──────── Stored data
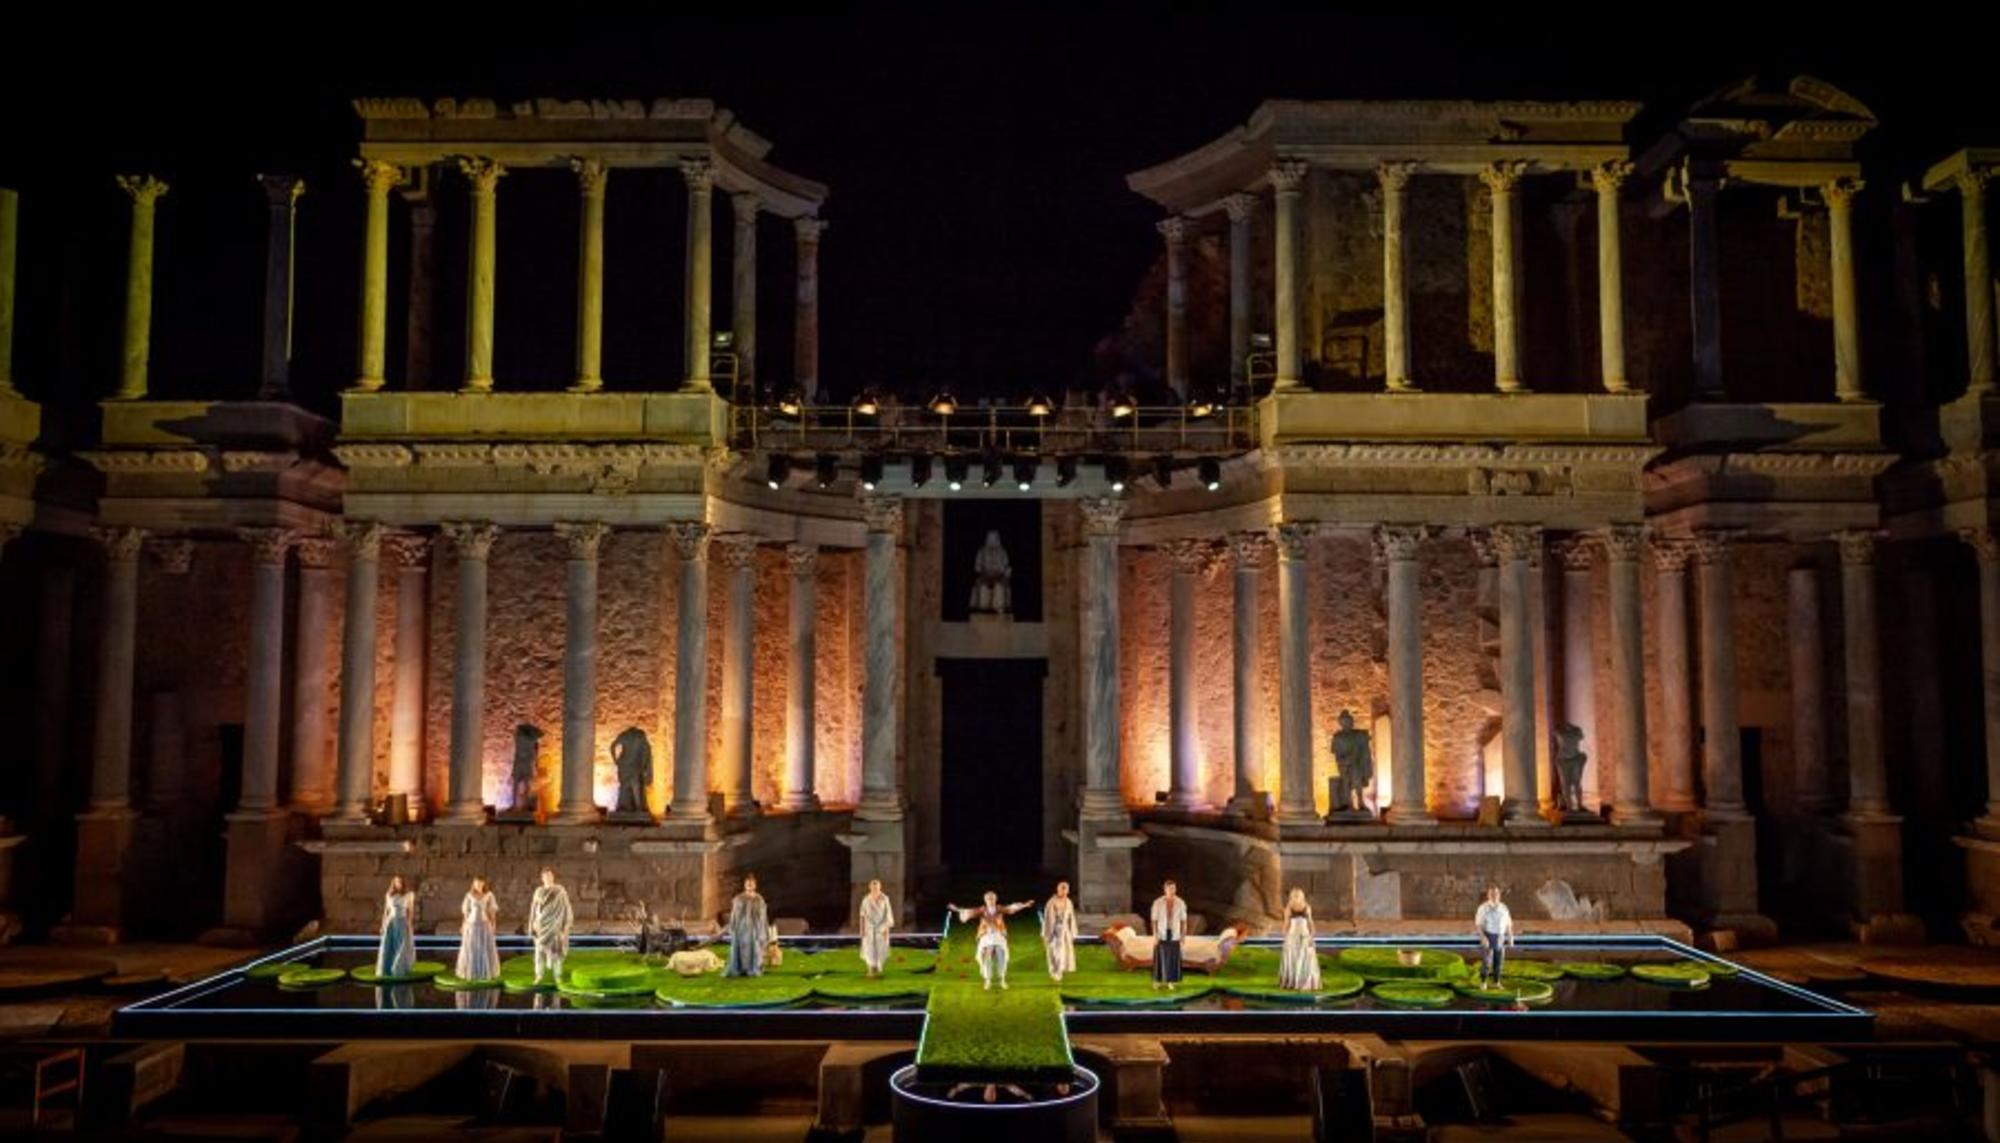  Teatro clásico de Mérida en el Teatro Romano
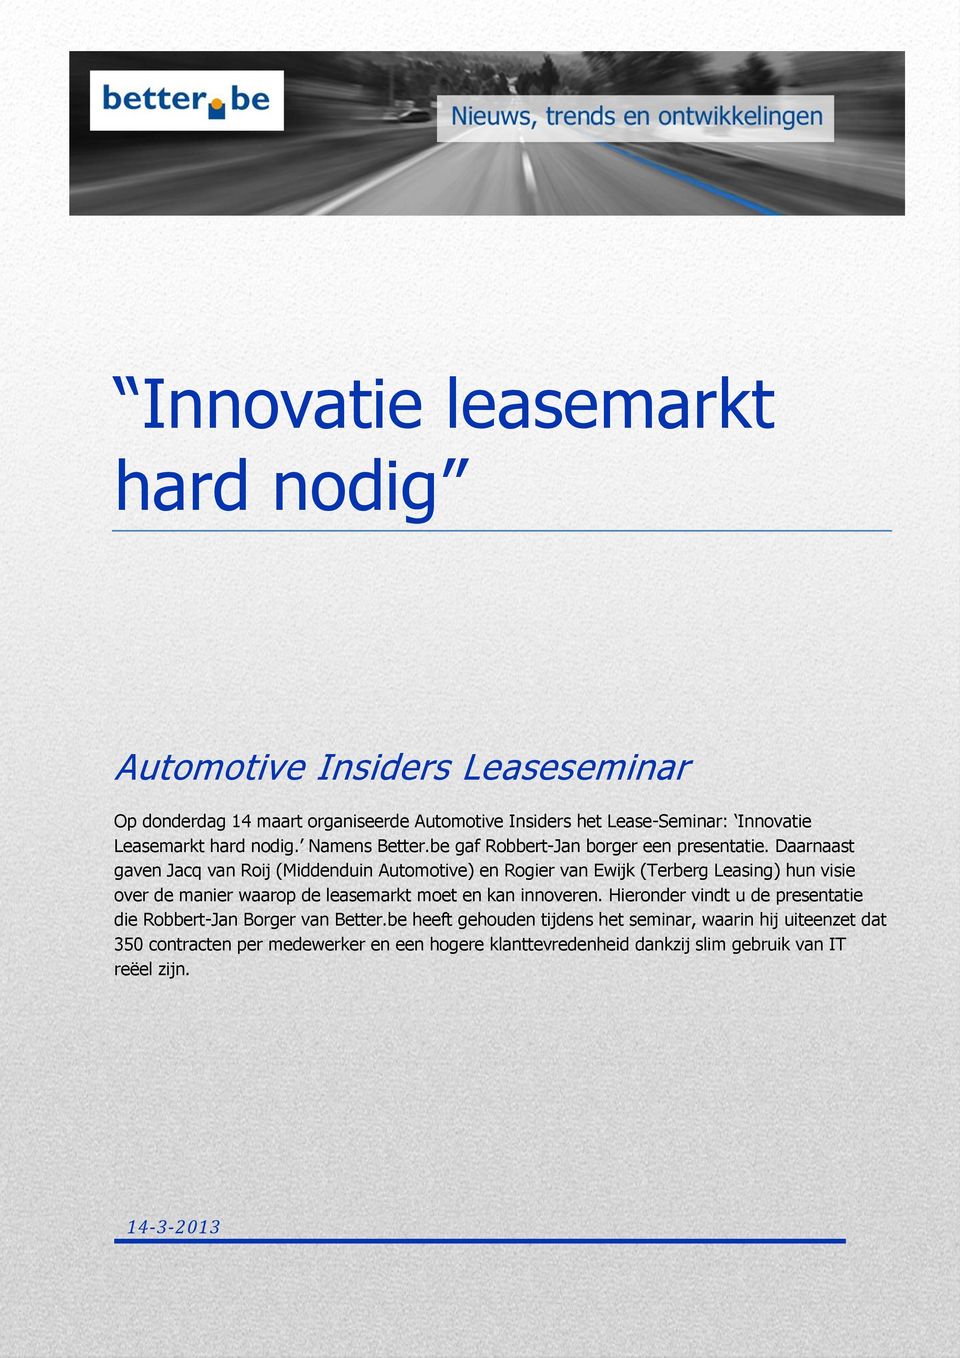 Daarnaast gaven Jacq van Roij (Middenduin Automotive) en Rogier van Ewijk (Terberg Leasing) hun visie over de manier waarop de leasemarkt moet en kan
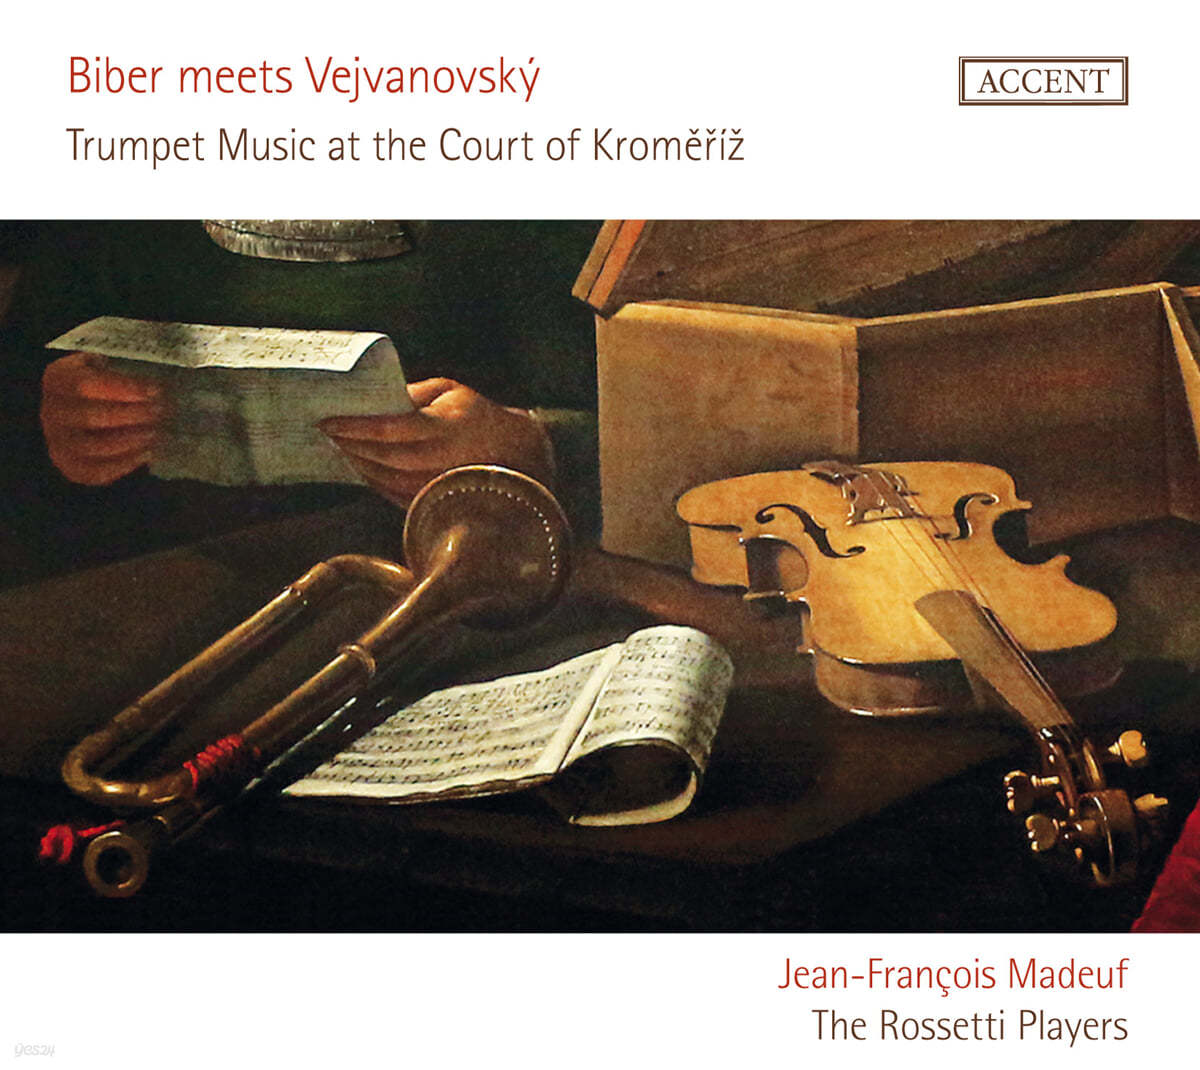 크로메르지시 궁정의 트럼펫 음악 - 비버, 베이바노프스키, 프로베르거, 베르탈리의 작품들 (Trumpet Music At the Court of Kromeriz)
────────────────
» Exercise goal:
Without the pictures, return the whole of the data exactly as given.

» Solution for this exercise:
  Teatro clásico de Mérida en el Teatro Romano
 Daarnaast gaven Jacq van Roij (Middenduin Automotive) en Rogier van Ewijk (Terberg Leasing) hun visie over de manier waarop de leasemarkt moet en kan
 크로메르지시 궁정의 트럼펫 음악 - 비버, 베이바노프스키, 프로베르거, 베르탈리의 작품들 (Trumpet Music At the Court of Kromeriz)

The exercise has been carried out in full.